Beginning at the line that holds "Tv man купить.", repeat every line through the last line of the material, exactly, and drop any pictures.

**GIVEN DATA**
- Opening Delimiter -
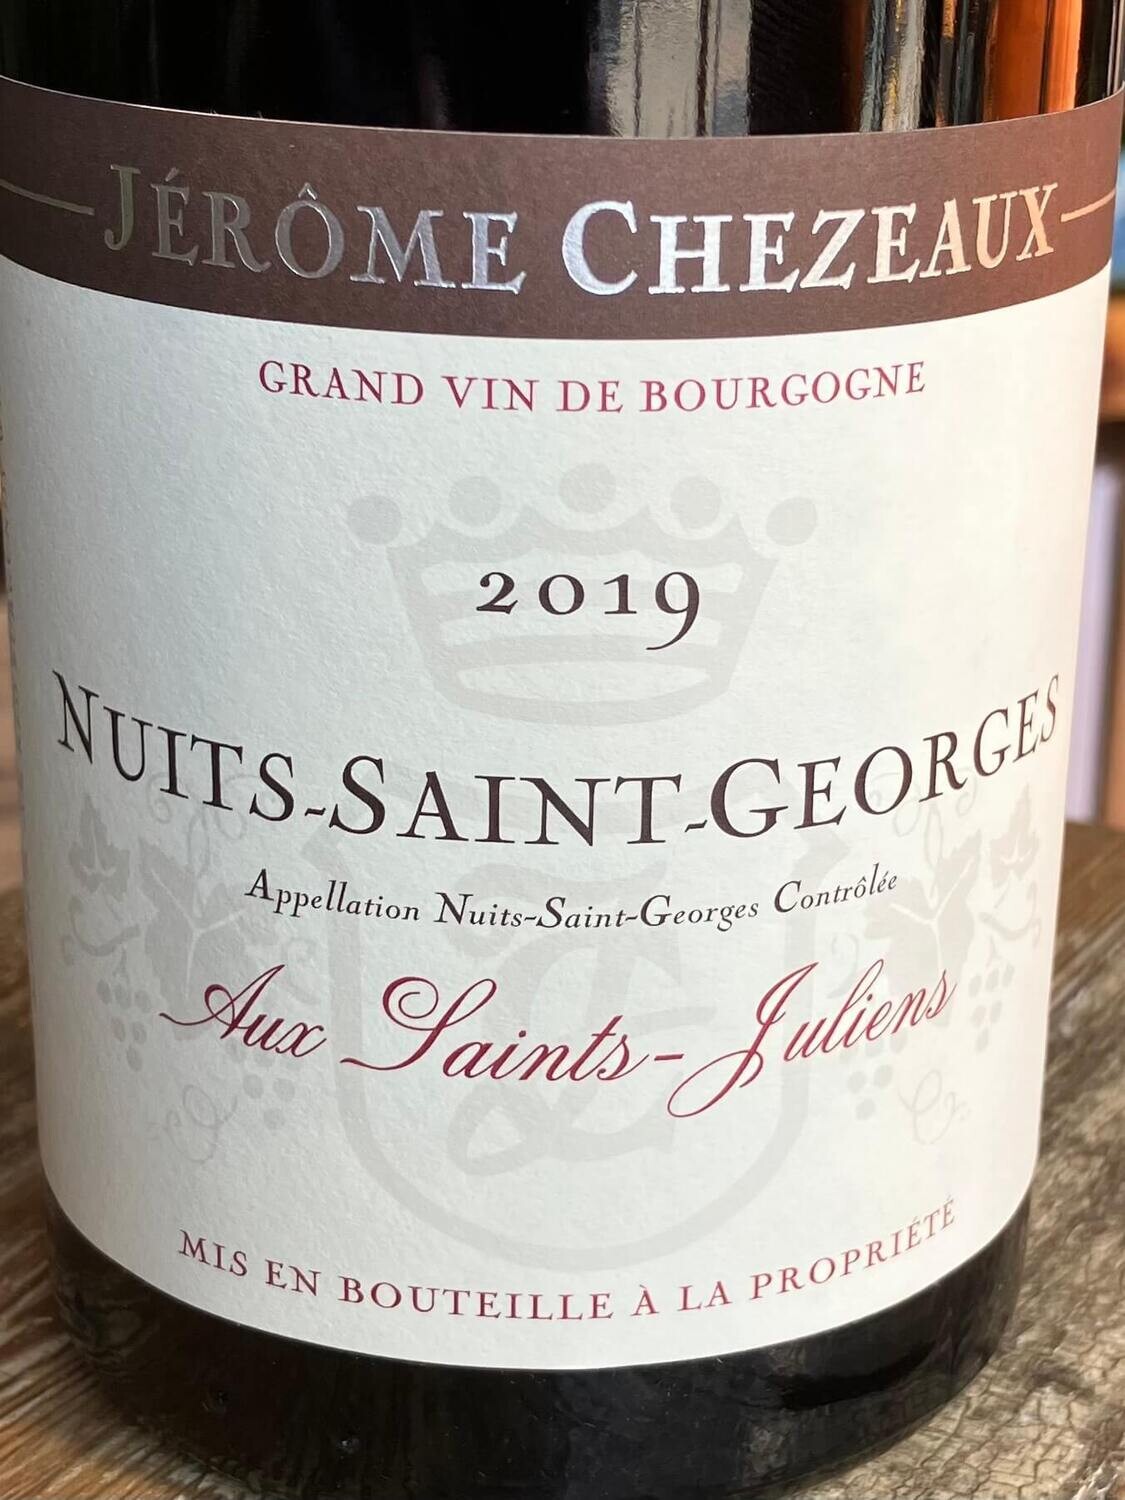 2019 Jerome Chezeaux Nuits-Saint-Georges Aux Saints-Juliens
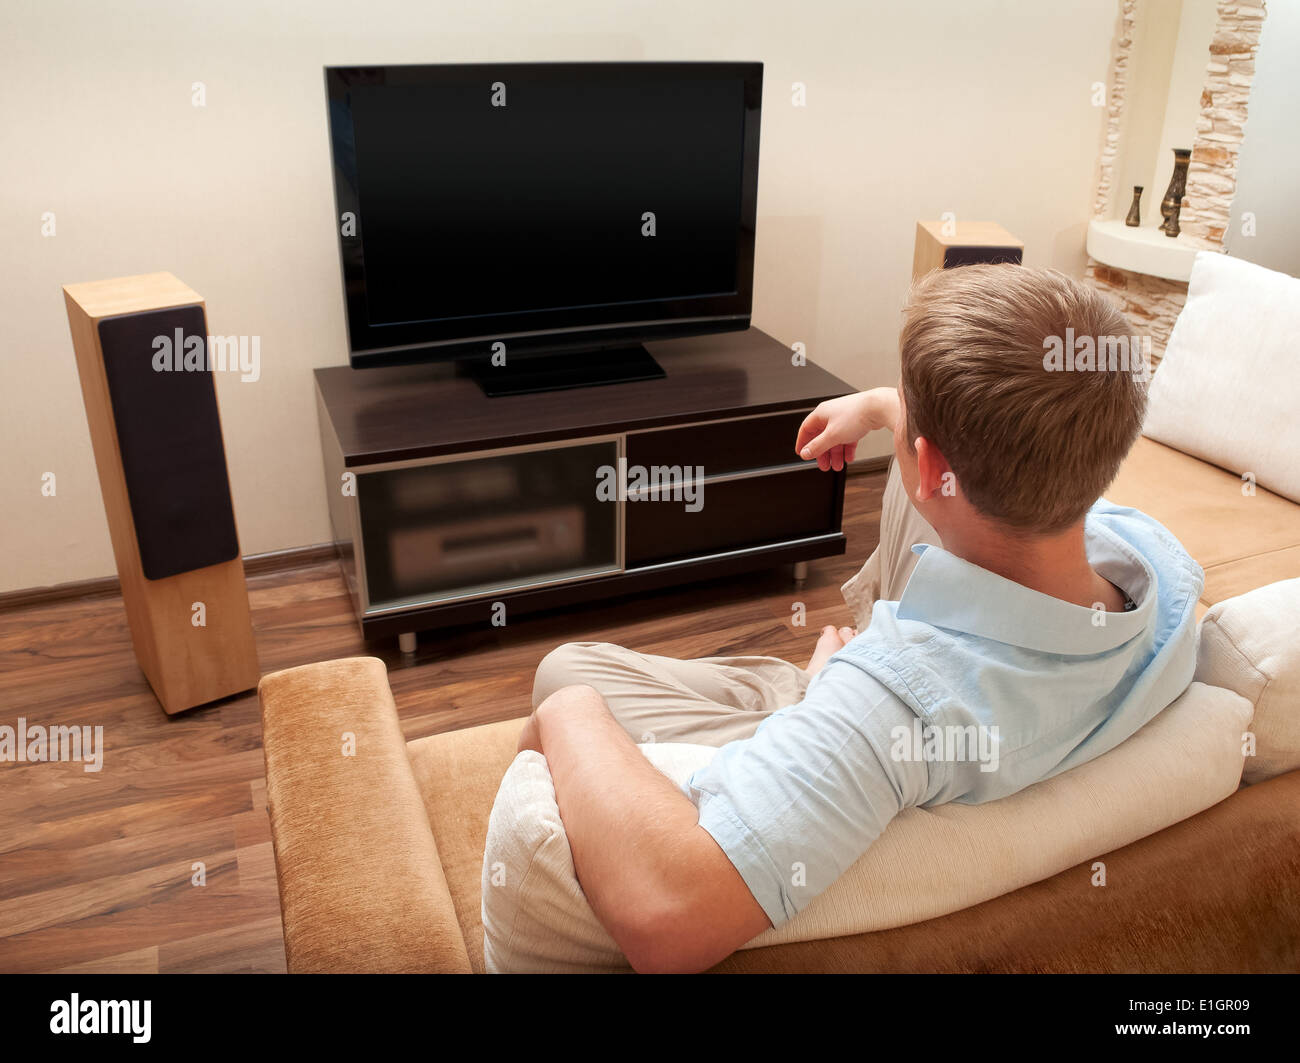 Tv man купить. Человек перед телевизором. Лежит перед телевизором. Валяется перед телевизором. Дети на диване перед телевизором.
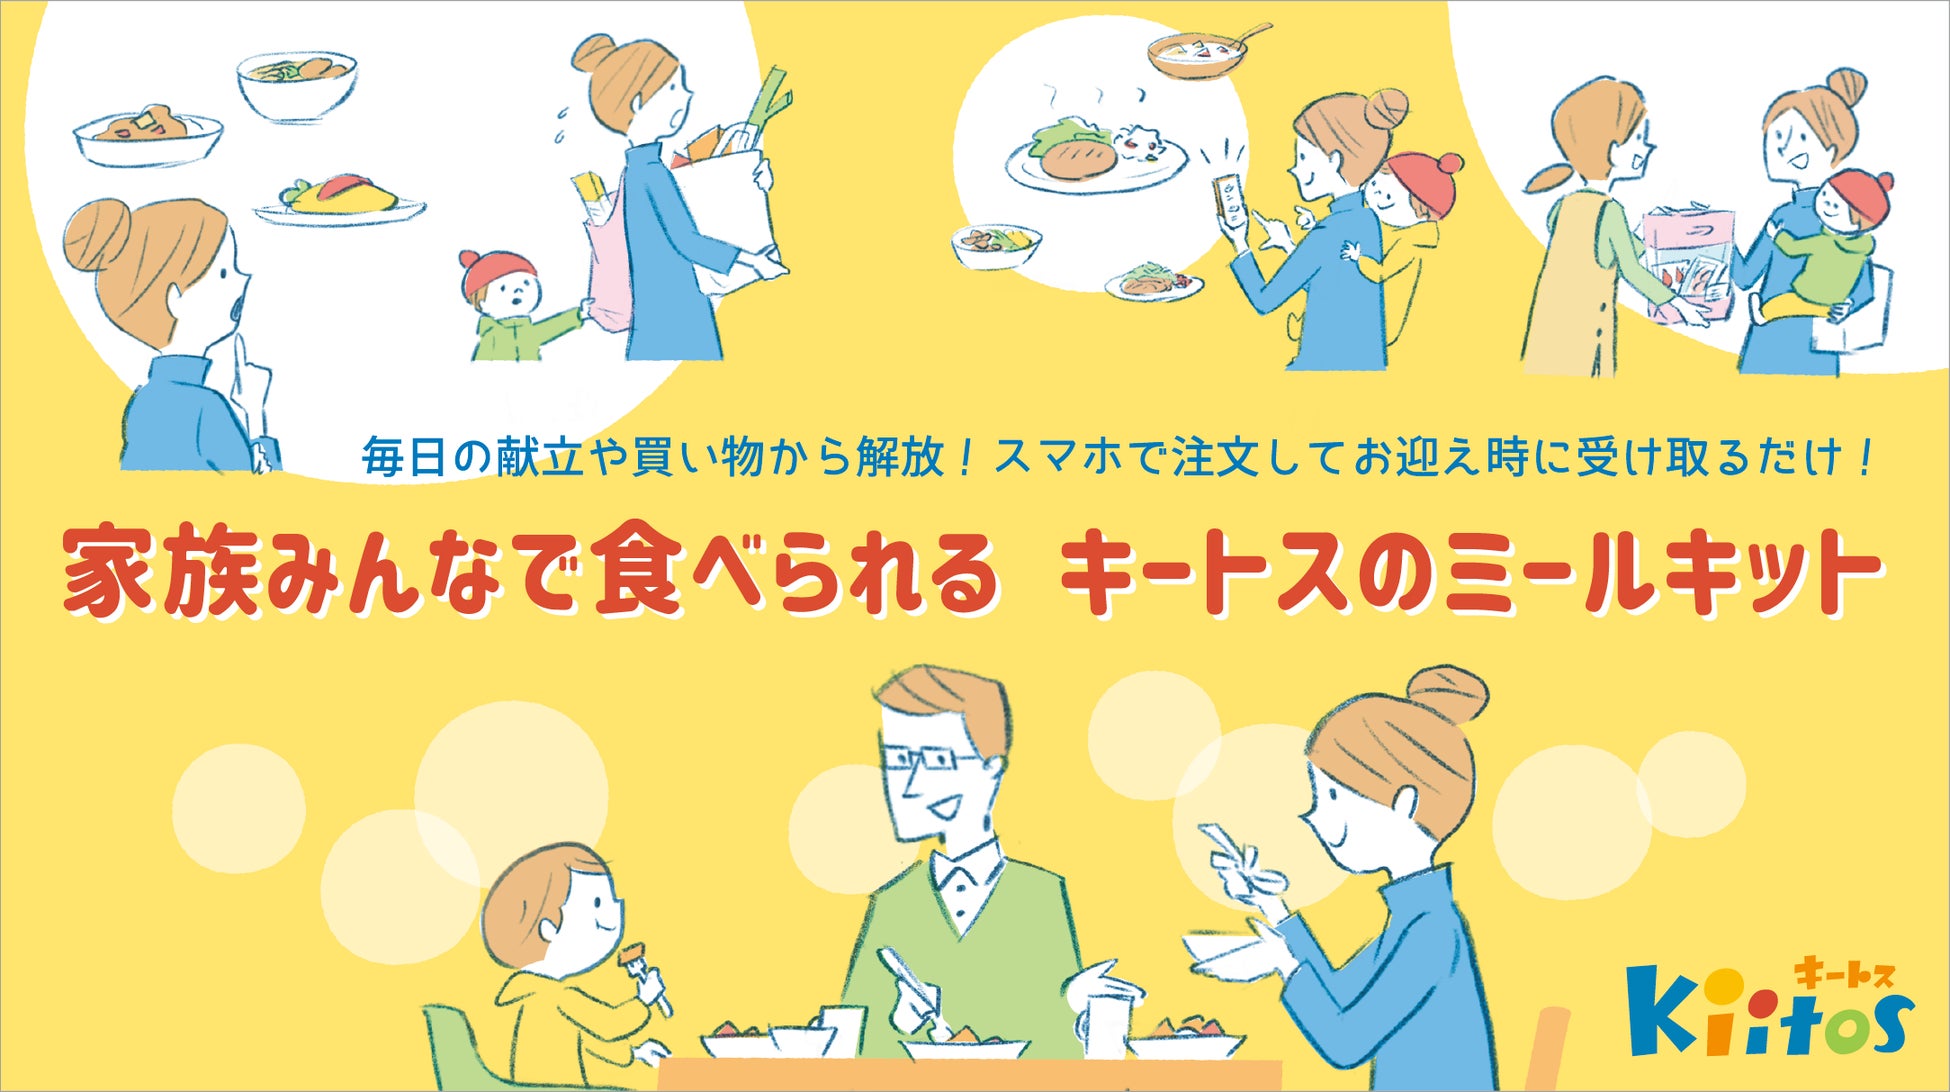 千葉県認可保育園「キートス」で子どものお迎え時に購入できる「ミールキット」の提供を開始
- Closing Delimiter -
**FINISHED EXERCISE**
 Tv man купить. Человек перед телевизором. Лежит перед телевизором. Валяется перед телевизором. Дети на диване перед телевизором.
 千葉県認可保育園「キートス」で子どものお迎え時に購入できる「ミールキット」の提供を開始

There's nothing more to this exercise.